##### Entries provided #####
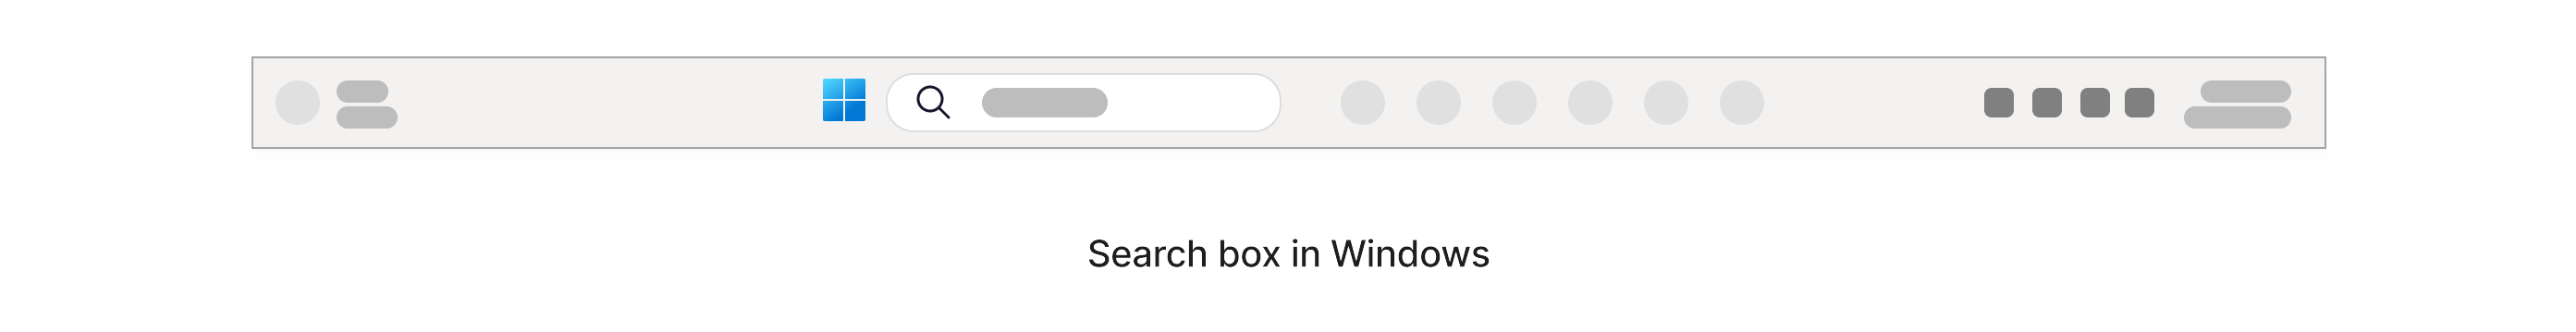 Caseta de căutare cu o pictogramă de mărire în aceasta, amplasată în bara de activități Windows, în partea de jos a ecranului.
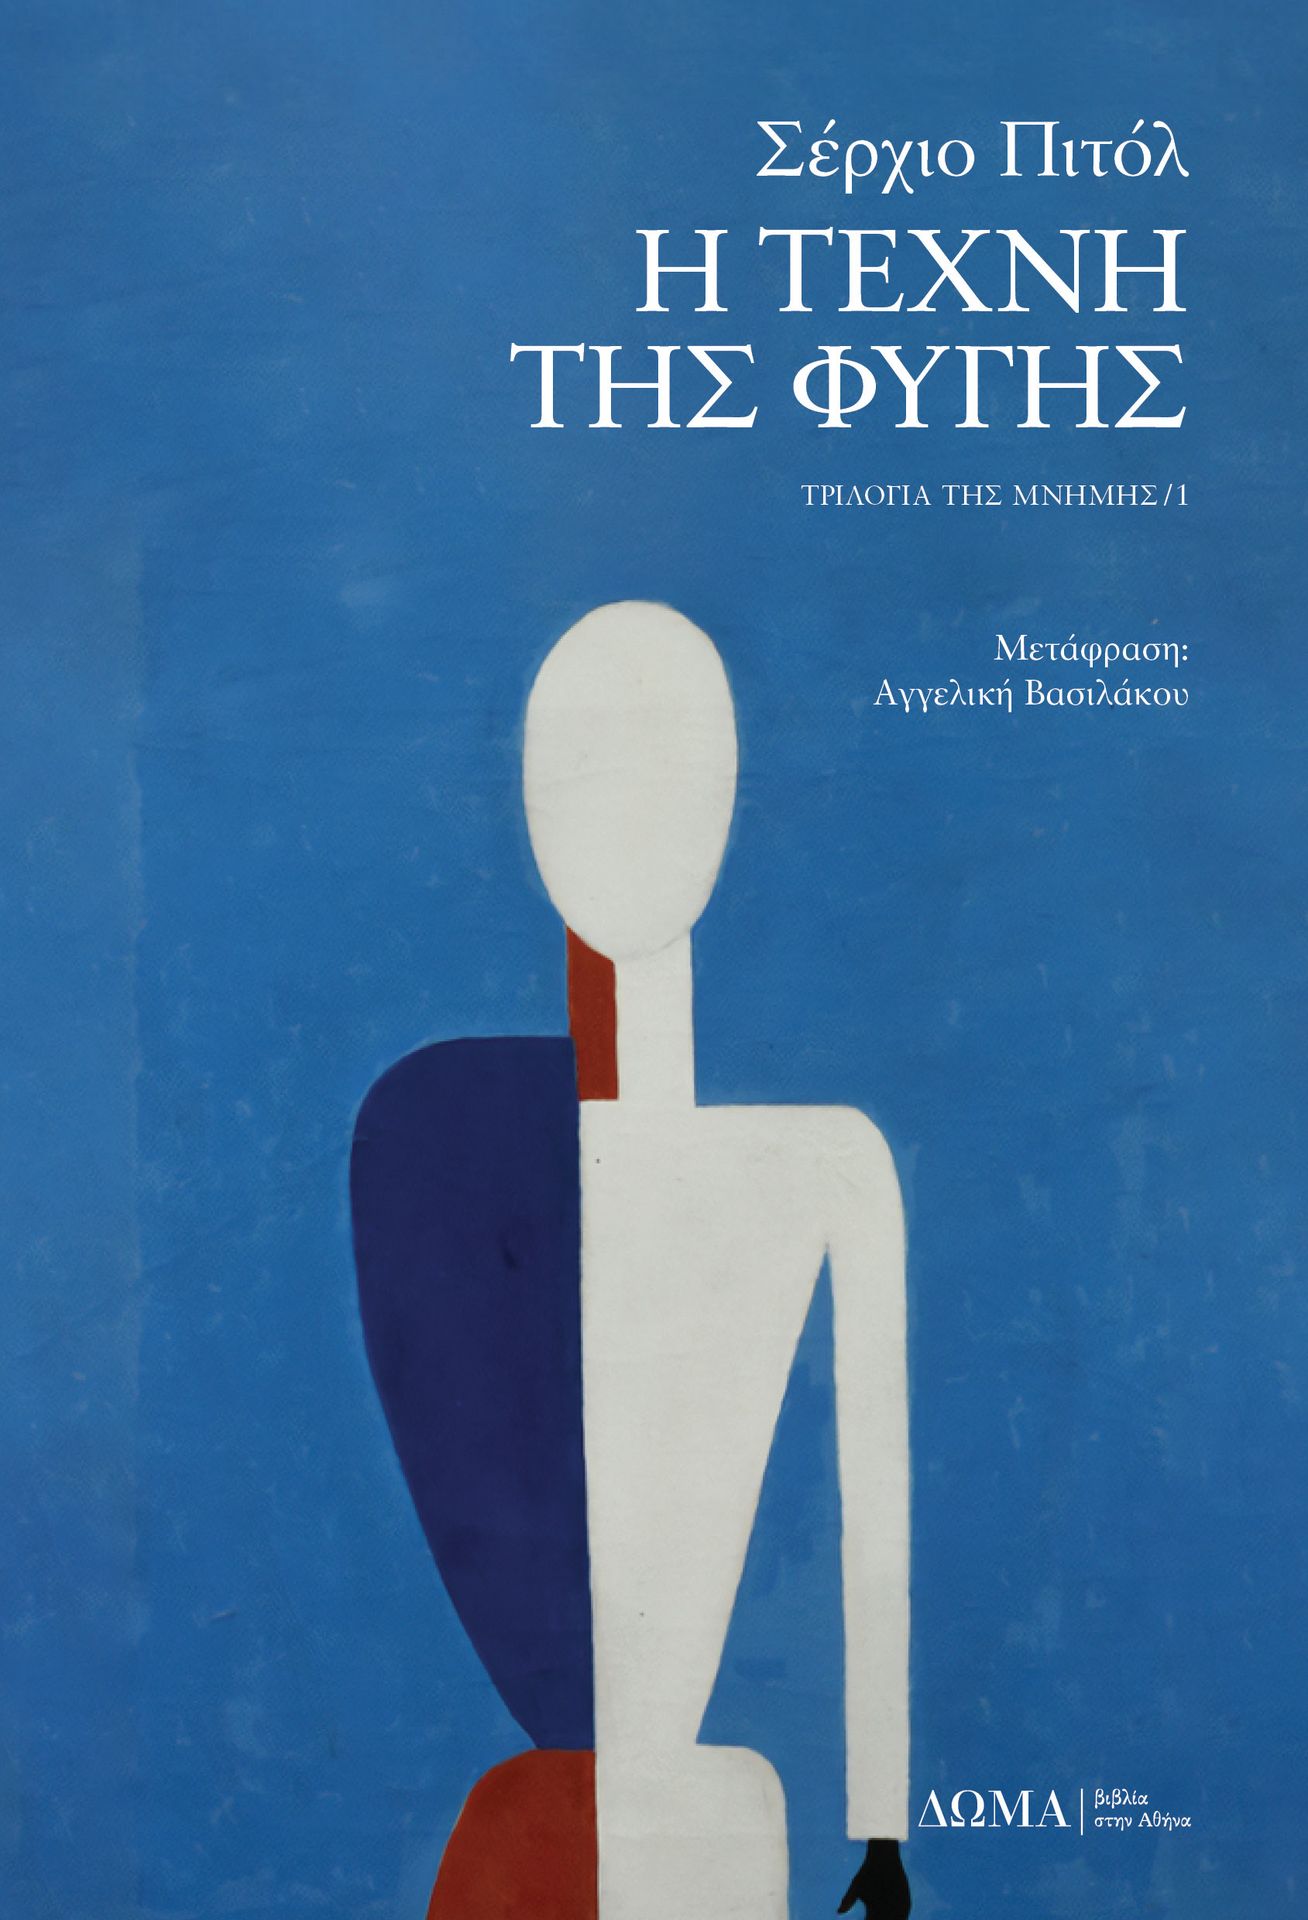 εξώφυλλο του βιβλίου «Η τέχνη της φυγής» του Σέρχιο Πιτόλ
#####
##### Entries provided #####
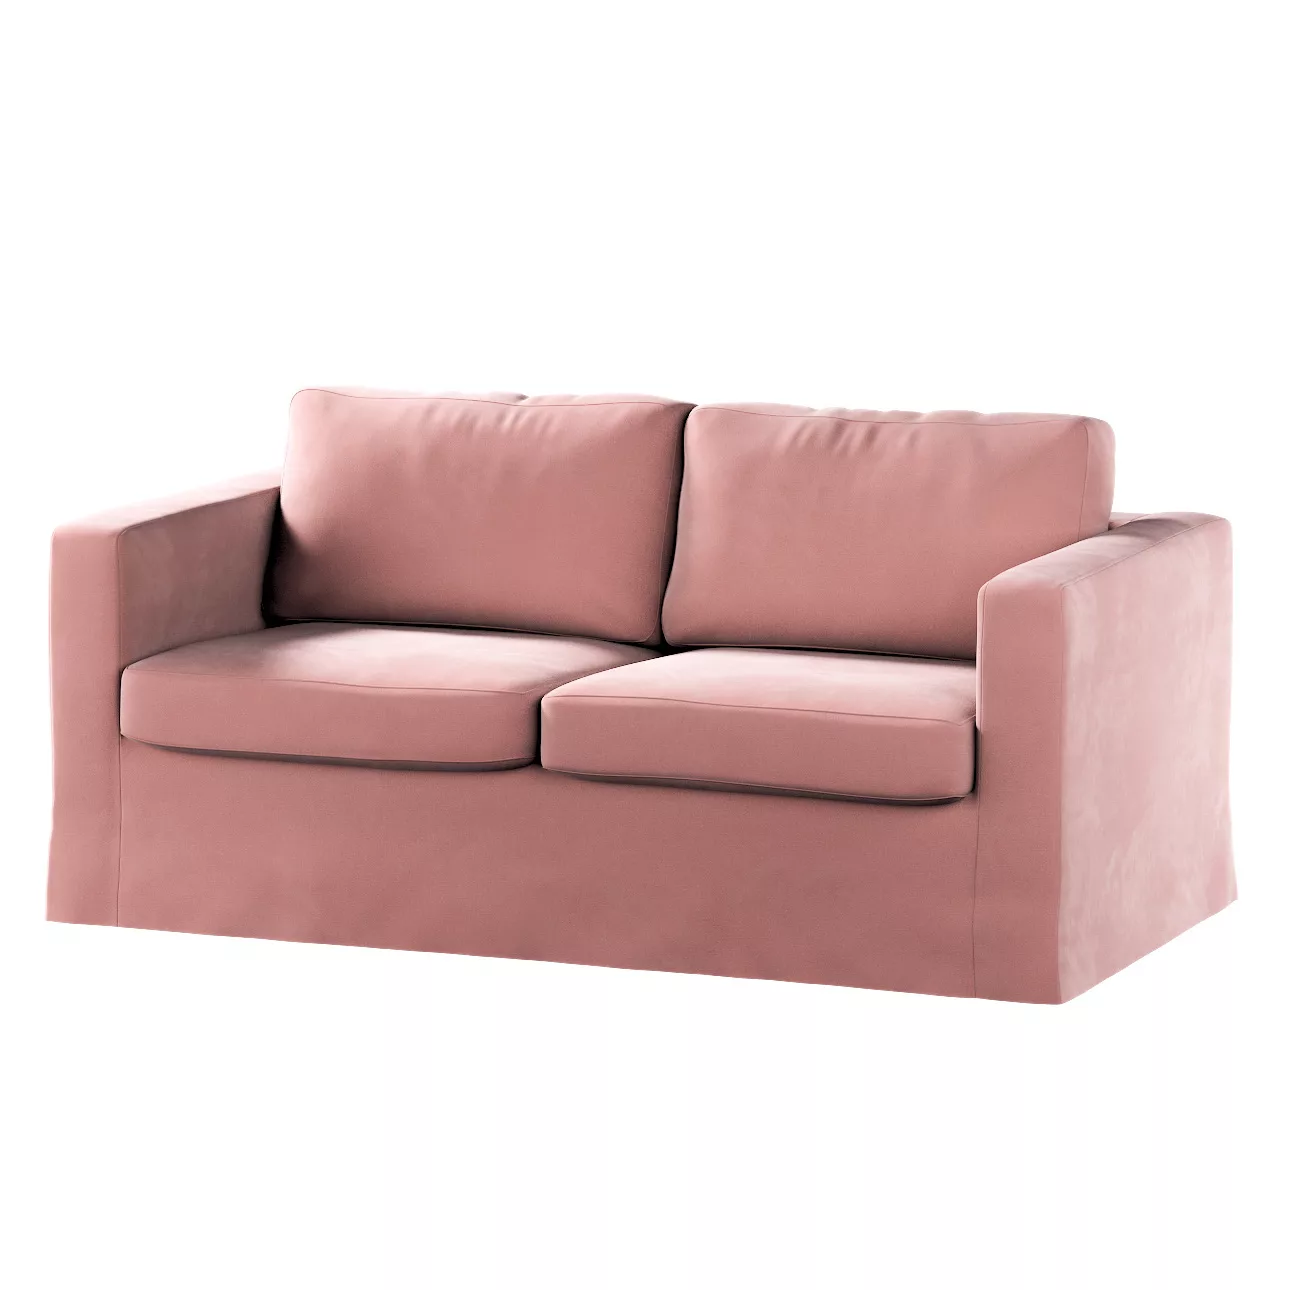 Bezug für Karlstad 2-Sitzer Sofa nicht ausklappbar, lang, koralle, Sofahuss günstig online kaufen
#####
■ Exercise ■
Excerpt from the records above: set down only the lines from the one that contains "Caseta de căutare" through the one that contains "εξώφυλλο του βιβλίου", inclusive, word for word. Pictures stay out.

■ Exercise answer ■
 Caseta de căutare cu o pictogramă de mărire în aceasta, amplasată în bara de activități Windows, în partea de jos a ecranului.
 εξώφυλλο του βιβλίου «Η τέχνη της φυγής» του Σέρχιο Πιτόλ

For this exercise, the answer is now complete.